--- Collected data ---
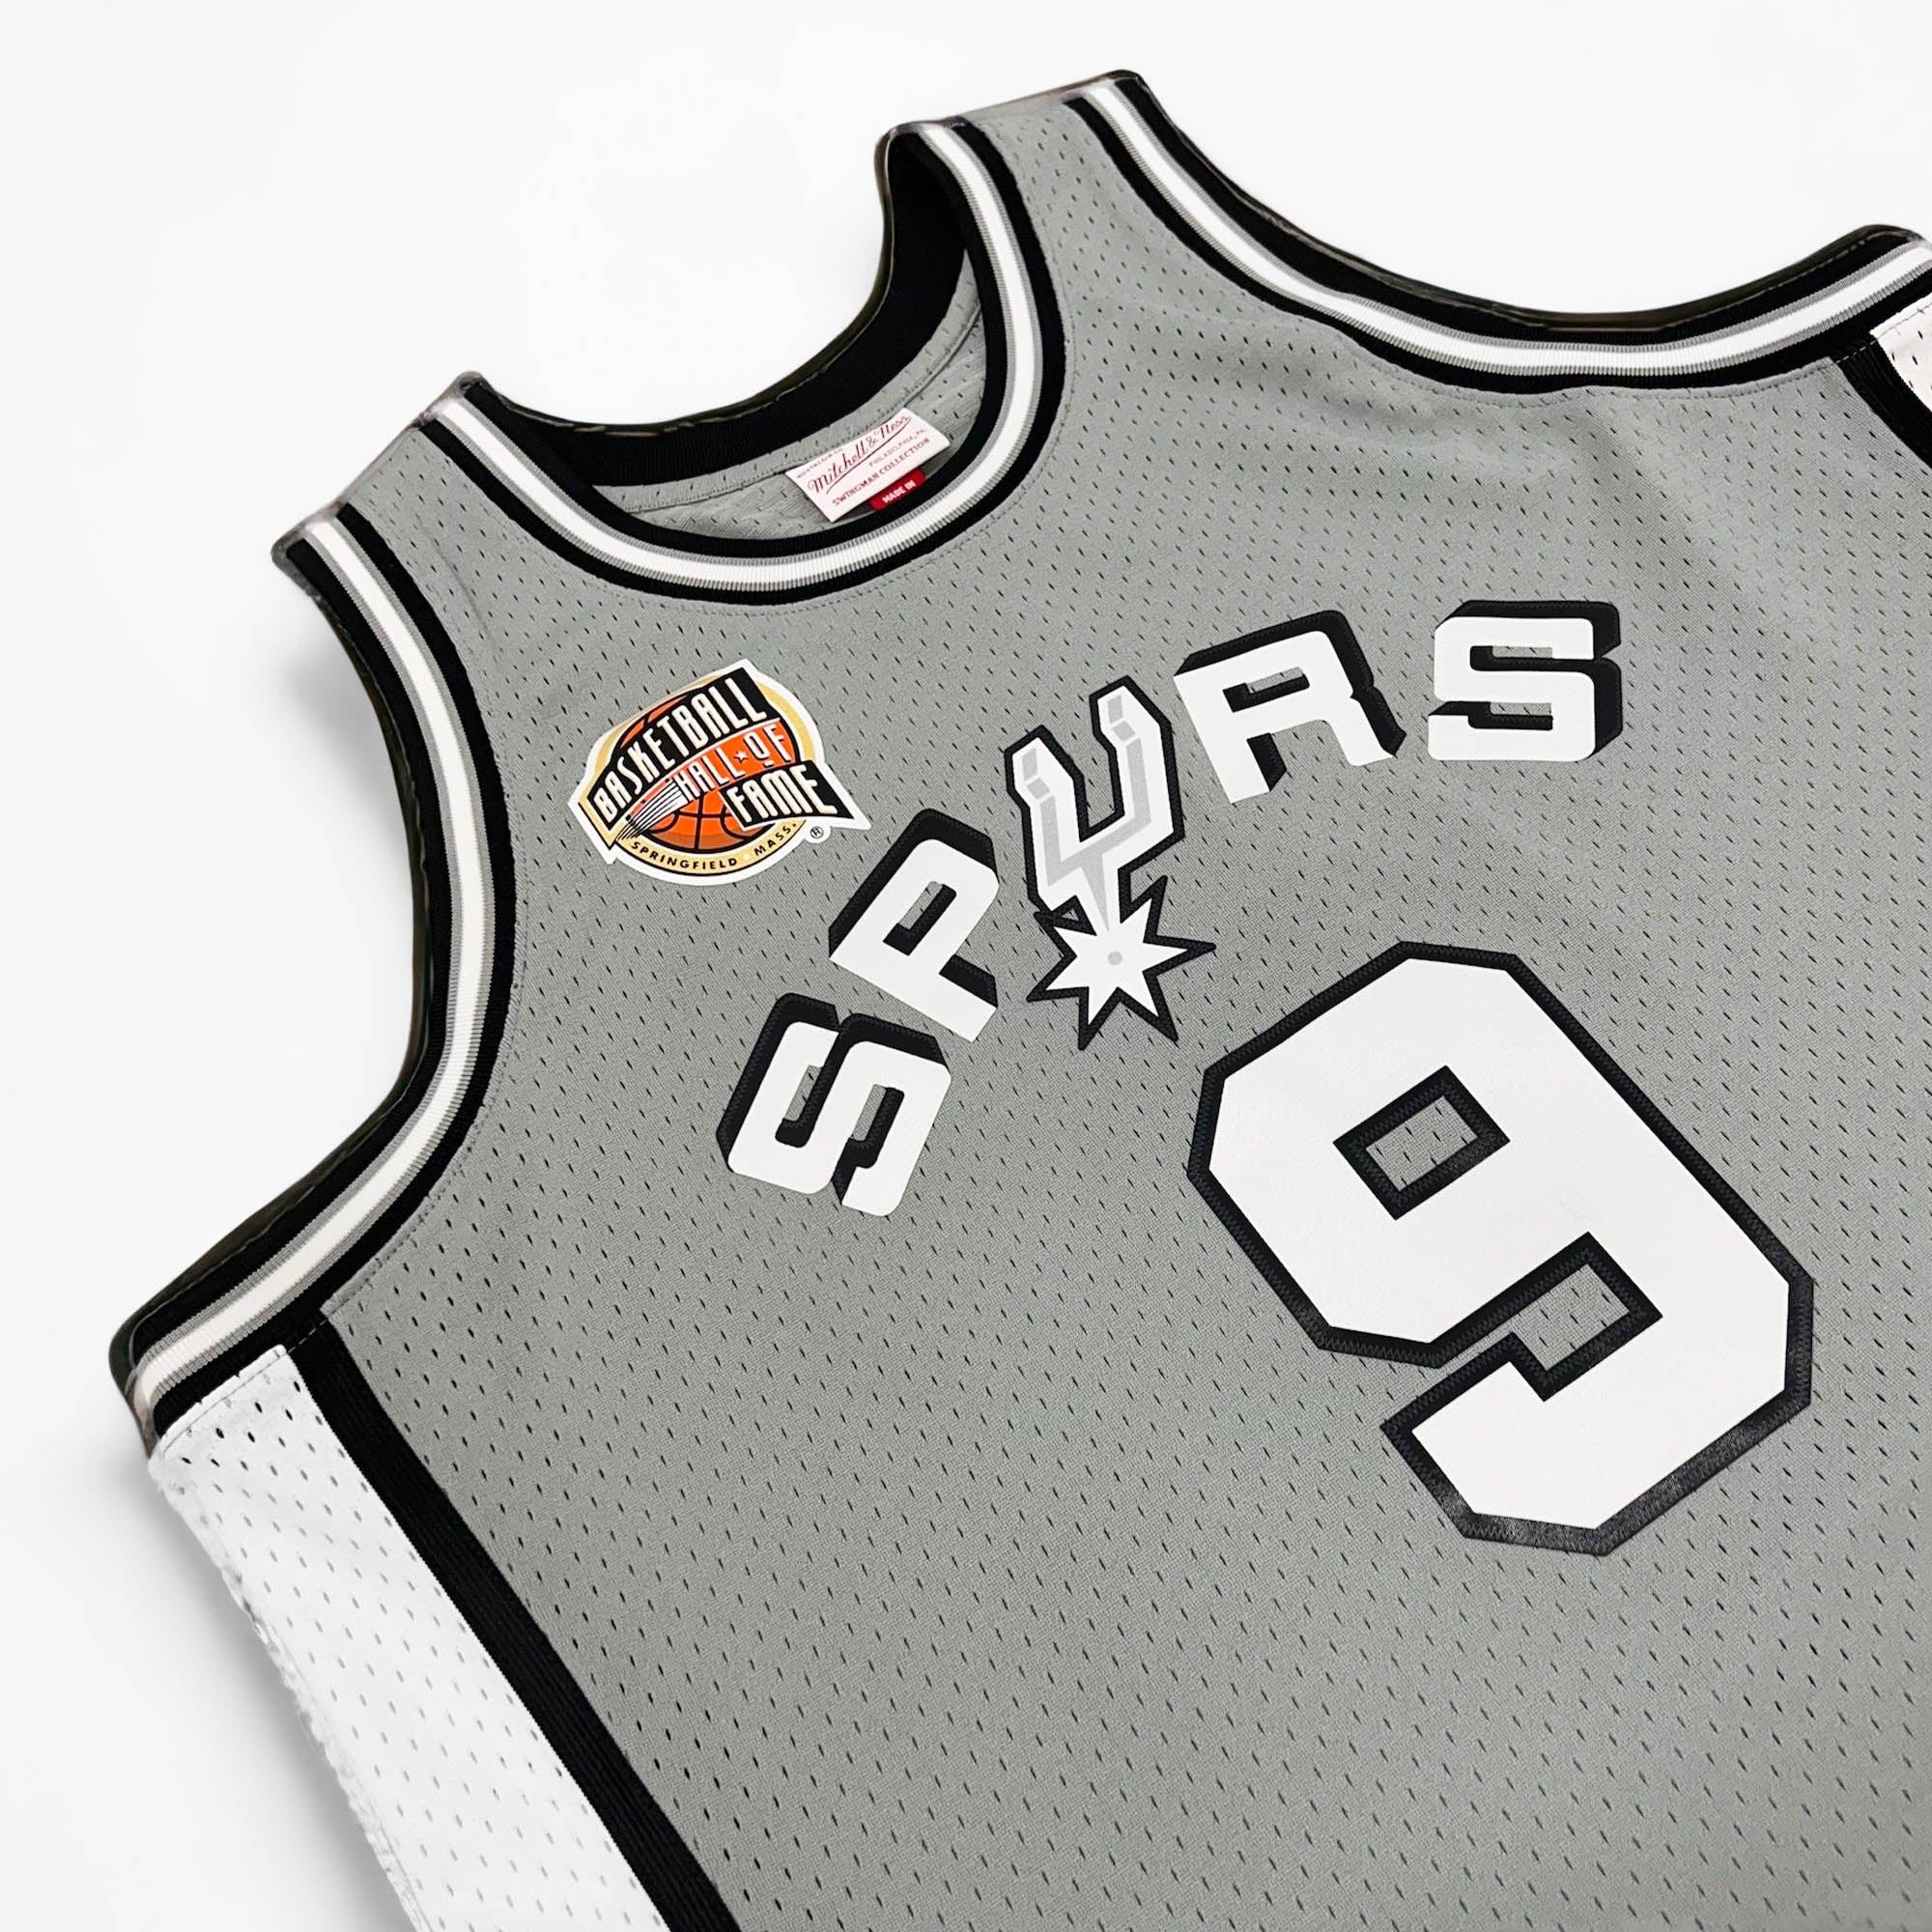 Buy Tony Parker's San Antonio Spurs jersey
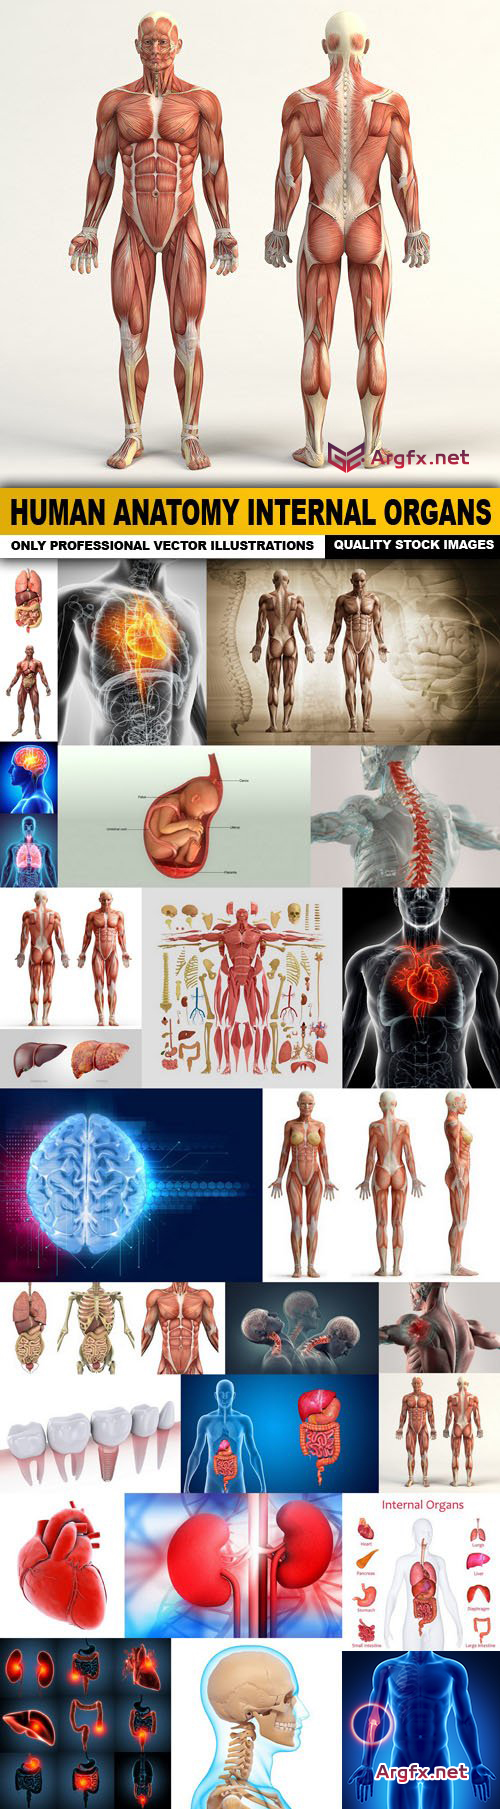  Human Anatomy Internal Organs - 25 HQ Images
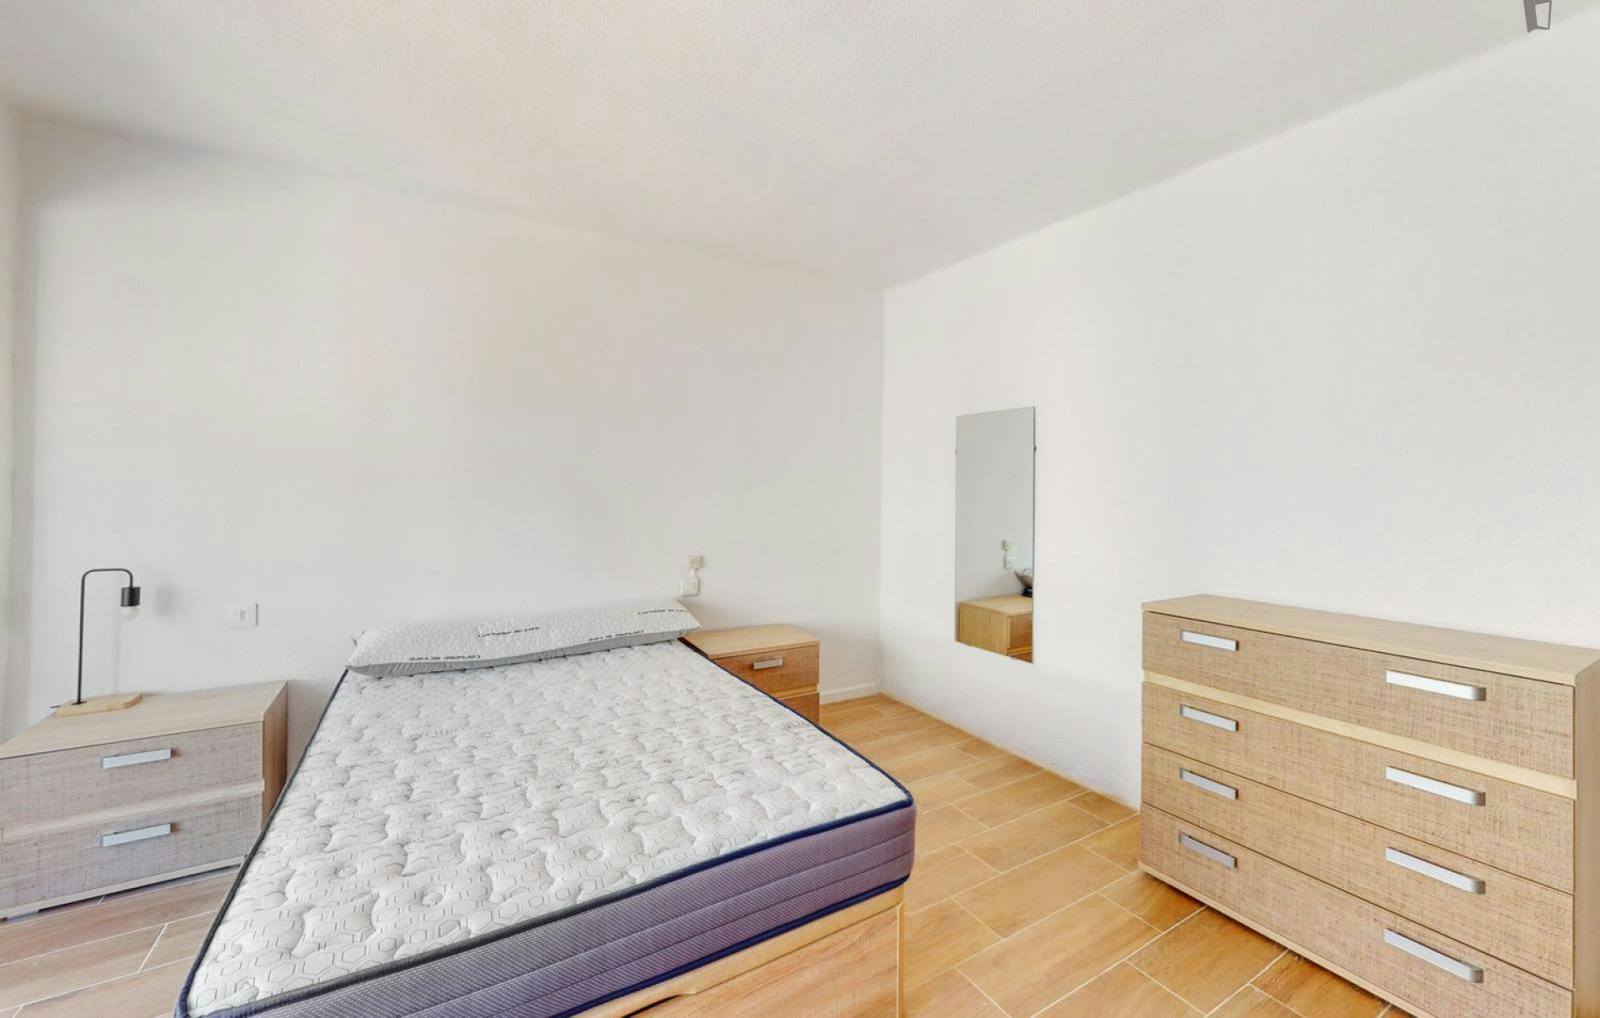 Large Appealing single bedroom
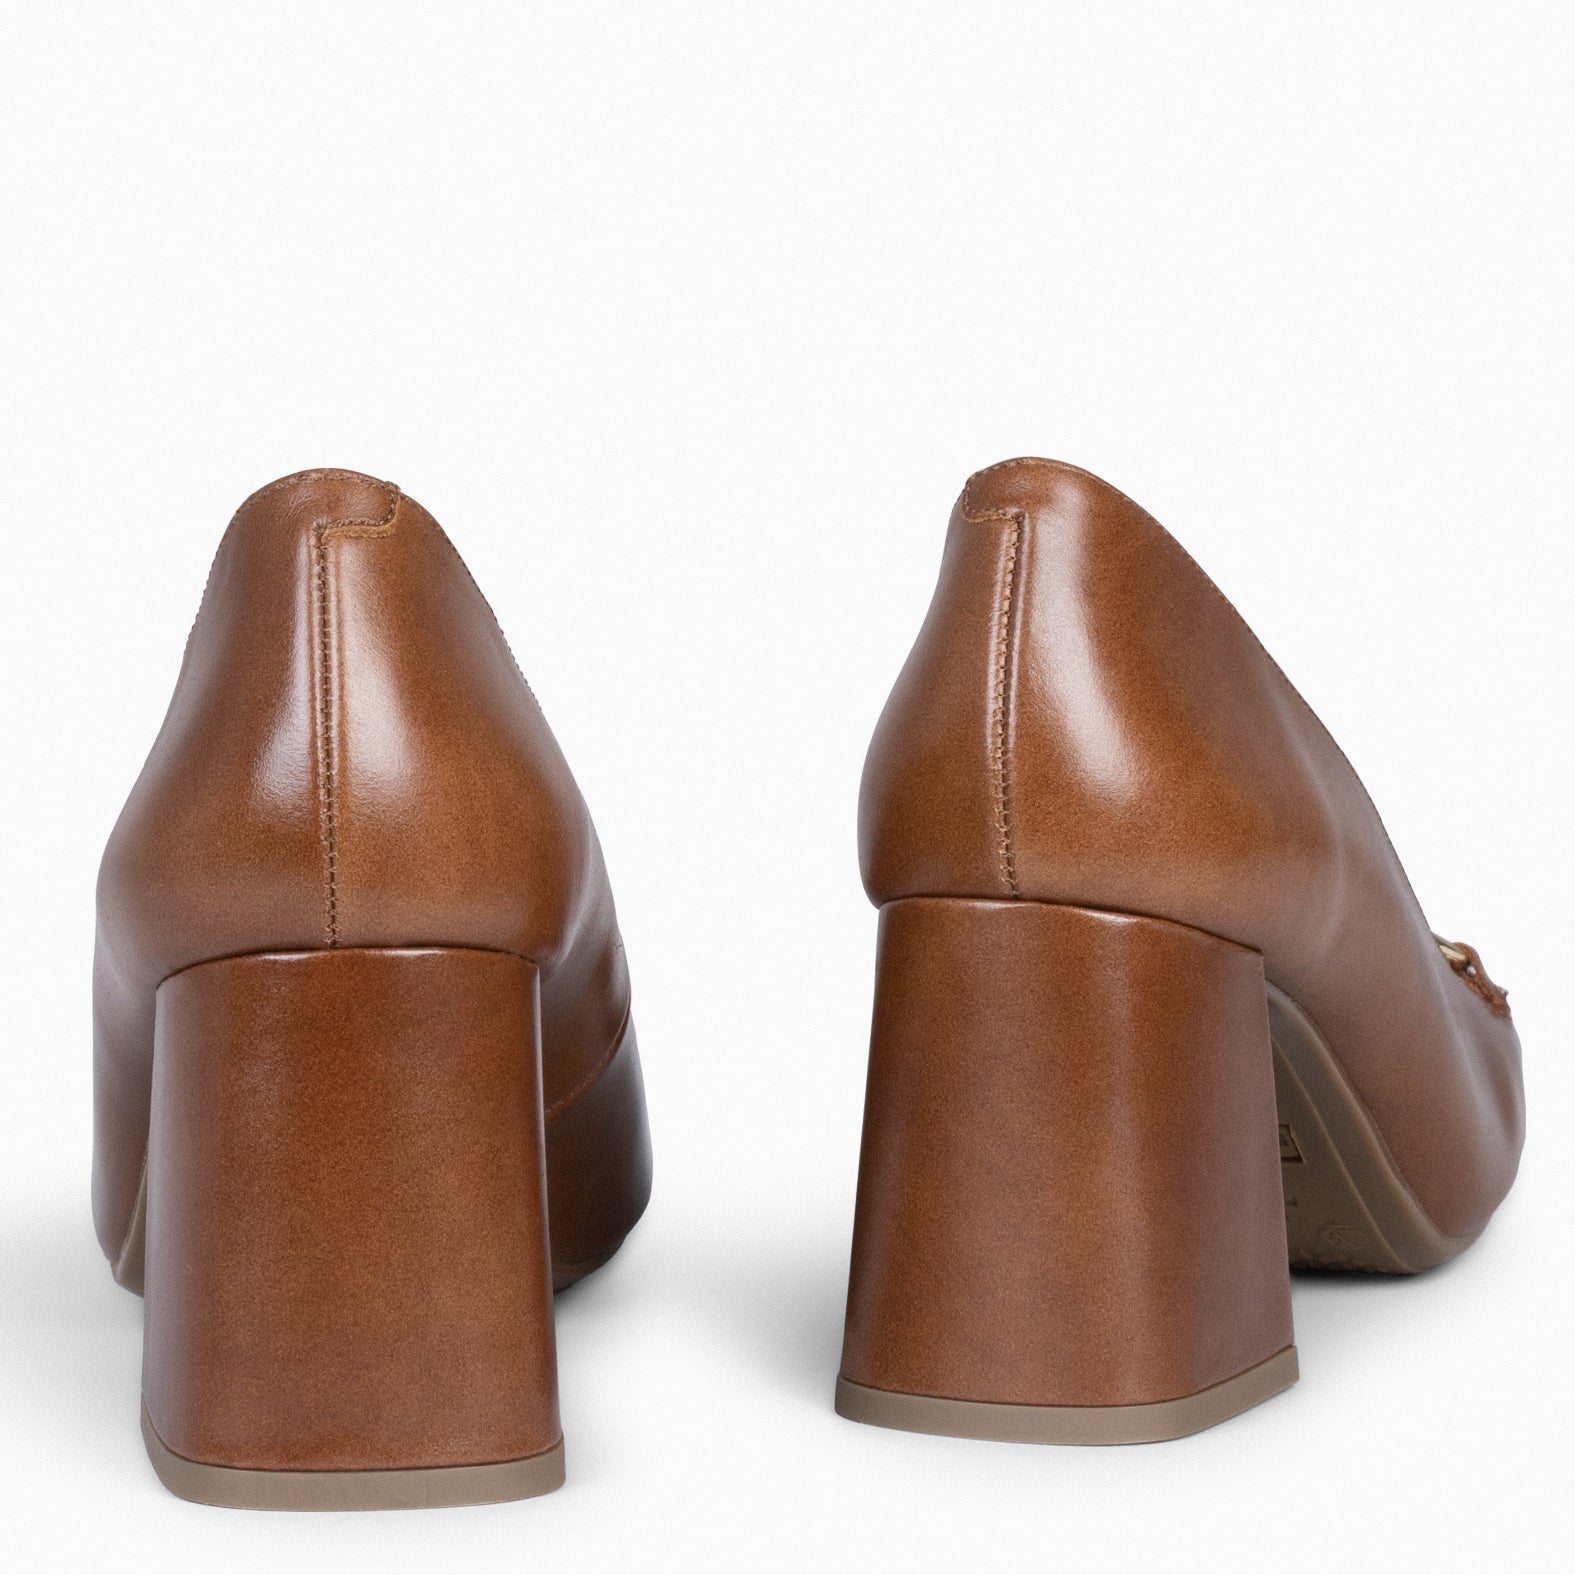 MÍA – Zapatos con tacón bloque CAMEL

--- Exercise directions ---
An exact repetition of the listing is needed, with the pictures dropped.

--- Response to the exercise ---
 Buy Tony Parker's San Antonio Spurs jersey
  Human Anatomy Internal Organs - 25 HQ Images
 Large Appealing single bedroom
 MÍA – Zapatos con tacón bloque CAMEL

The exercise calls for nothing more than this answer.